How an record is produced

When producing a record, either myinit() or myfini() routines do a system call on the C++ XALT program called xalt_run_submission to actually generate the *.json record transmitted to the database.

This program reads its command line argument as well as interrogate the environment and the /proc filesystem to collect the information that the *.json record contains.

Once the data is collected the routine transmit() is called to somehow send the information encoded in json tables to be passed to the database. This can be via file or syslog or curl.

Signal Handling

As the above discussion has pointed out, the only way to produce an end record is that the myfini() get called. Typically this means that main() completes. So if a program terminates early due to a segfault or floating point error then no end record will be produced.

To deal with this the myinit() routine can register a signal handler, wrapper_for_myfini() to be called if necessary. Note that this only happens this execution could be tracked. This wrapper routine calls the myfini() routine, clears the XALT signal handler and re-raises the original signal.
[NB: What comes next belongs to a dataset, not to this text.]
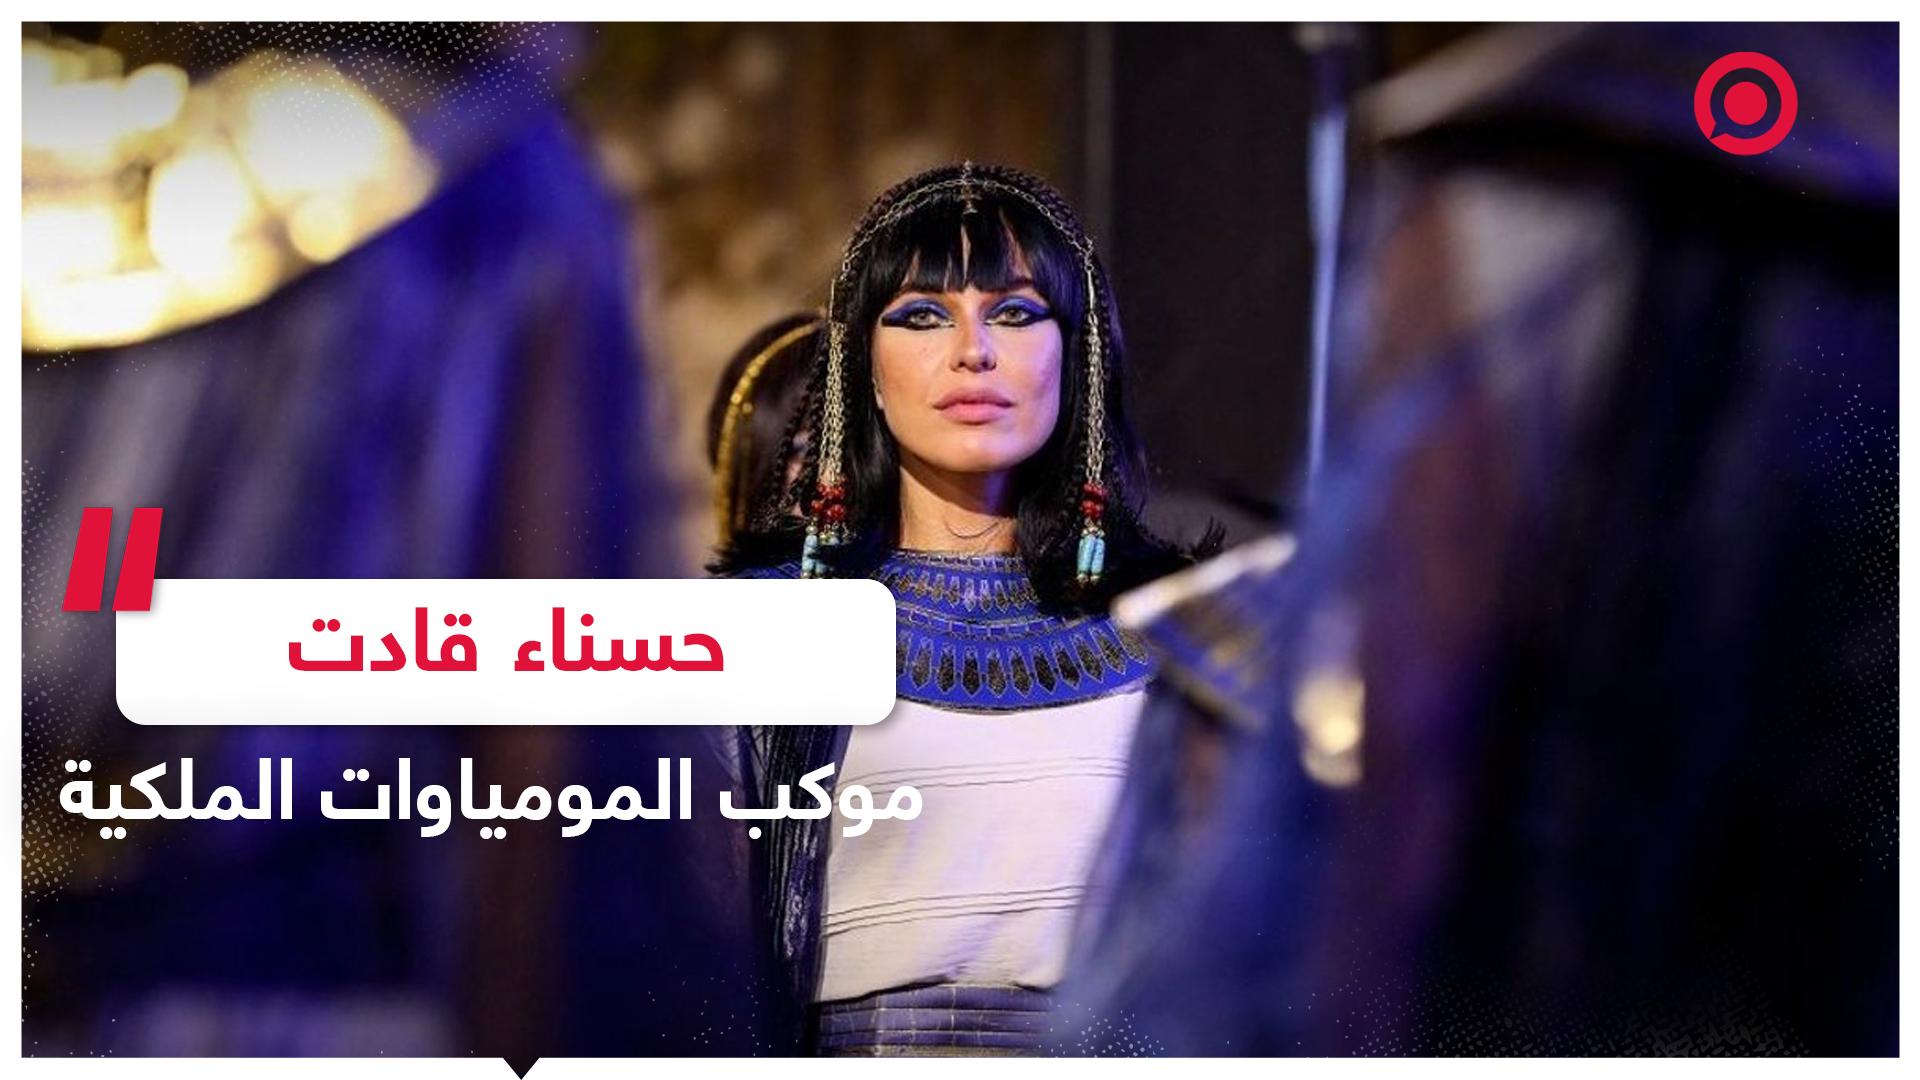 حسناء تثير ضجة في مصر!

This code can be found in the src/xalt_initialize.c file at the end of the myinit() routine. XALT uses the sigaction struct to register the handler. Since myinit() is called before main, it is likely that it does so first. However it only registers a new handler if the old one is NULL.

This works for non-MPI program execution. For MPI program execution there are a some issues. First, since XALT is only active on task 0, a signal event on tasks other than zero are ignored. Also job schedulers such as SLURM do send a TERM signal when the job terminates for time, this signal is not always passed through the MPI job runner (i.e. mpiexec) to the MPI application. Since this is not reliable, XALT will continue to produce start records for large number of tasks for MPI jobs.

For the above reasons, XALT (as of version 2.10.2+) no longer registers a signal handler. To activate use the configure option (–with-signalHandler=yes) or set the env. var. XALT_SIGNAL_HANDLER=yes.